I got up early this morning to work on BlueCloth a bit. Ryan Davis (aka zenspider) messaged me about a nifty project of his: a “pure TDD webapp”, written in Rails. He has never seen the app running in a browser – he’s developing it entirely from tests. He asked me to whack on it a while, which I did, which uncovered a few gaps in his testing, but it’s already a nifty application. But even more than that, it’s an interesting idea.
I’ve been writing web applications professionally for around 10 years now, and I’ve always used the switch-back-to-the-browser technique for everything past the unit tests. This hunt-and-poke kind of testing is rife with flaws. At my current client, for example, it’s not uncommon for the less-used areas of the application to quietly rot away as the more-trafficked areas are worked on, only to be discovered much later after the root cause is lost in a changelog that’s hundreds of commits long.
Of course, this is why people have written things like Selenium and Watir, but there aren’t nearly enough people using these tools before they get to QA.
And even they don’t cover another important aspect of the app — the visual design. I’ve been learning quite a lot about usability and user-centered design from Jeff Patton, my sponsor/mentor at ThoughtWorks, and one of the things I’ve been mulling over in my head since I got excited about UX is the idea of codifying some of the user-centered design concepts so that you can write tests for them. Something that would let you assert things like the elements of the main content area of the page should have their left edges aligned, all form fields related to personal information should be grouped together and separated from other form fields, and clicking the ‘save’ button before filling out all the mandatory fields should display a visually-distinctive error message.

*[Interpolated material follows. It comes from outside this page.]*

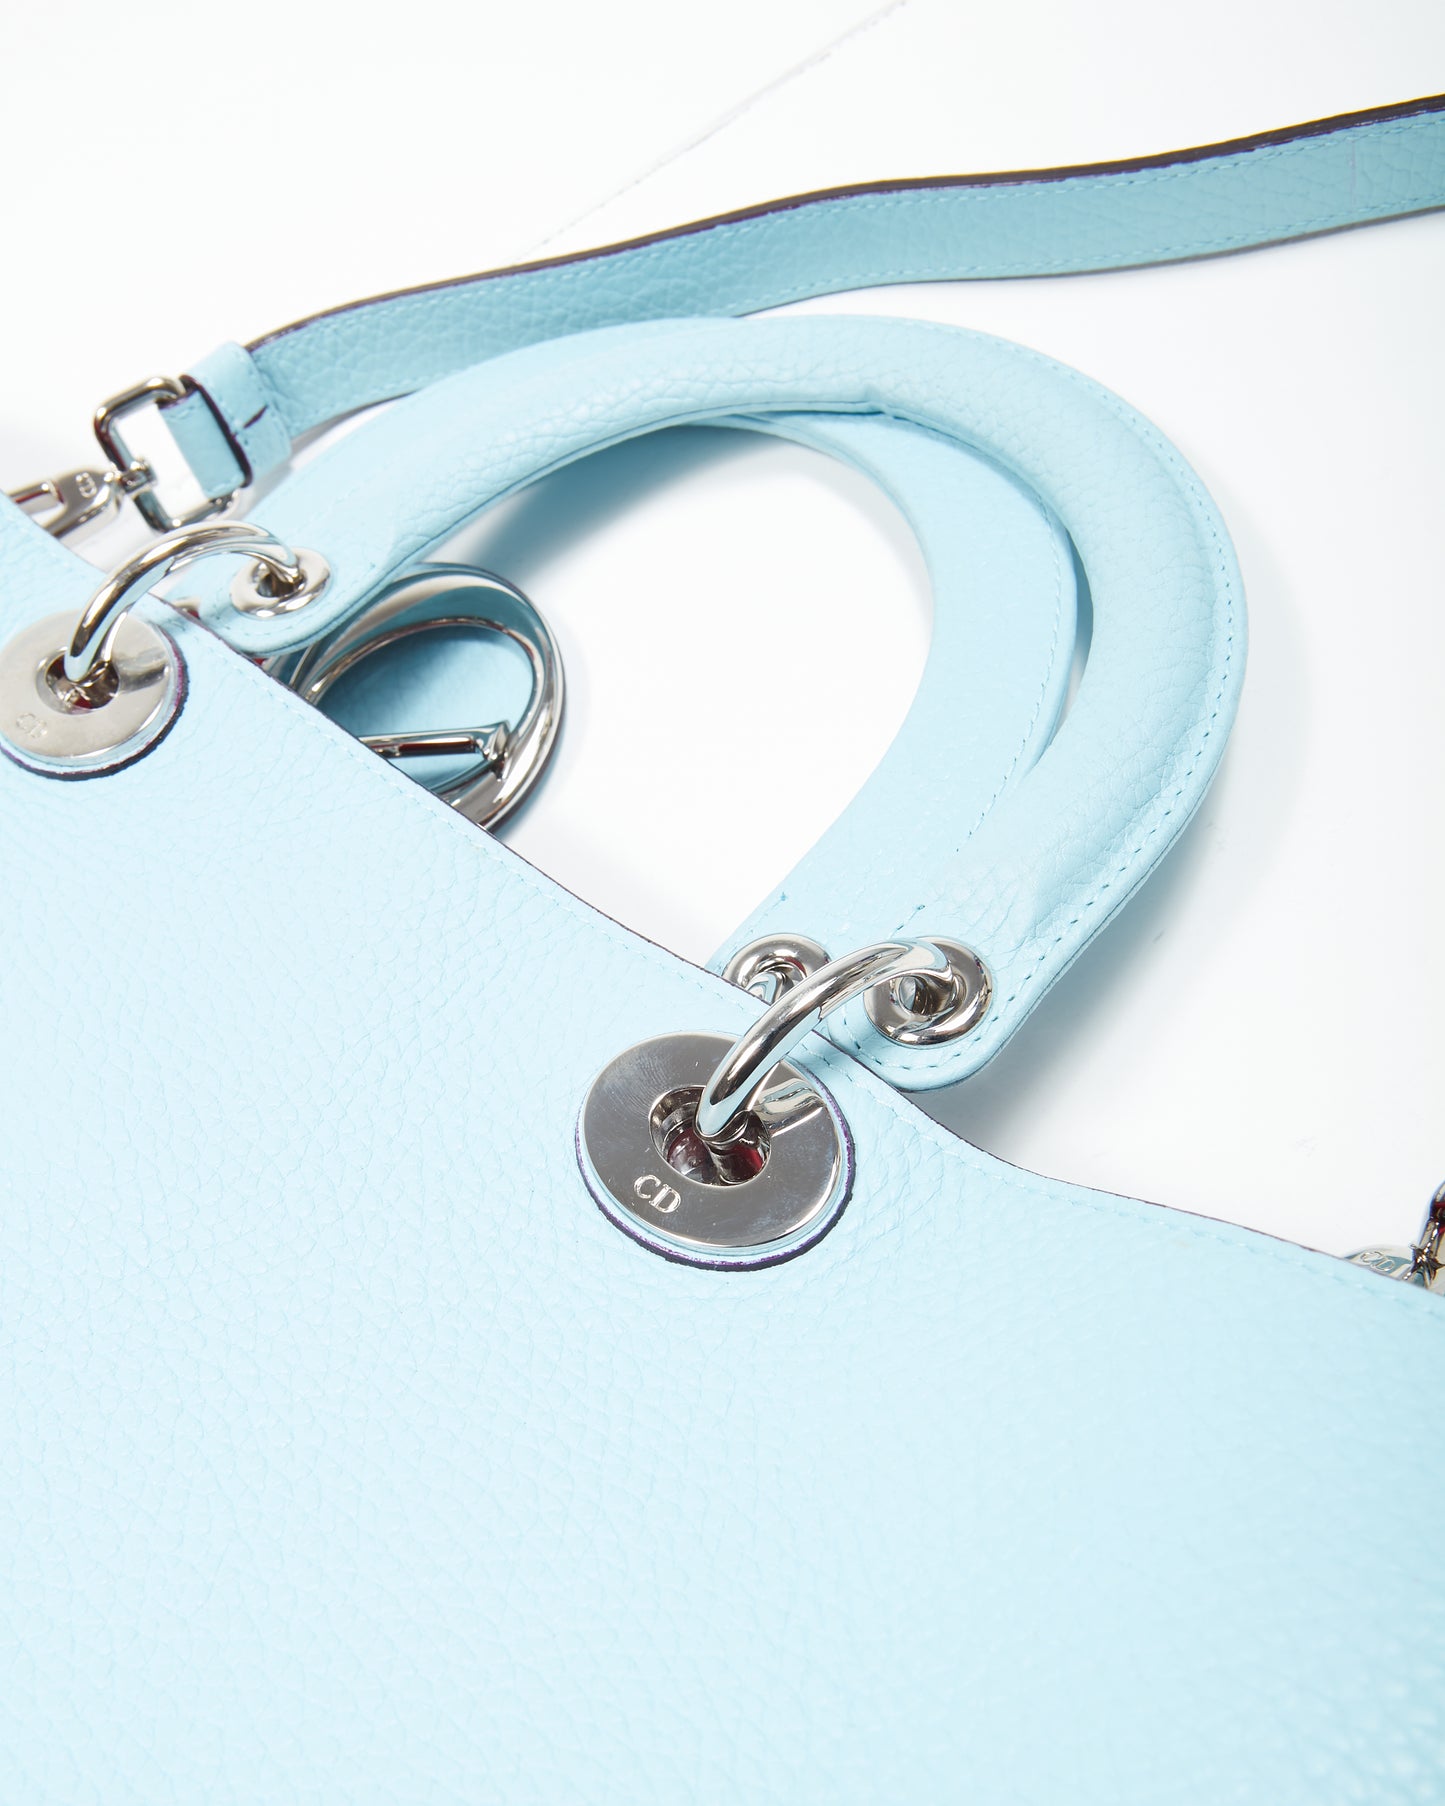 Dior Tiffany Blue Dior Pebbled Leather Diorissimo Large Tote Bag

It sounded pretty impossible to me at first, but the more I think about it, the more I think it’s possible, given a sufficiently robust mechanism for inspection of a browser’s rendering of a page and a set of usability heuristics written in terms of that mechanism. Some things are purely subjective, of course, and for those things you’d have to rely on good old eyeballs, but even if you only got 75% of it formalized it’d be damn useful.
Another thing to add to my list of stuff to do in my Copious Free Time™.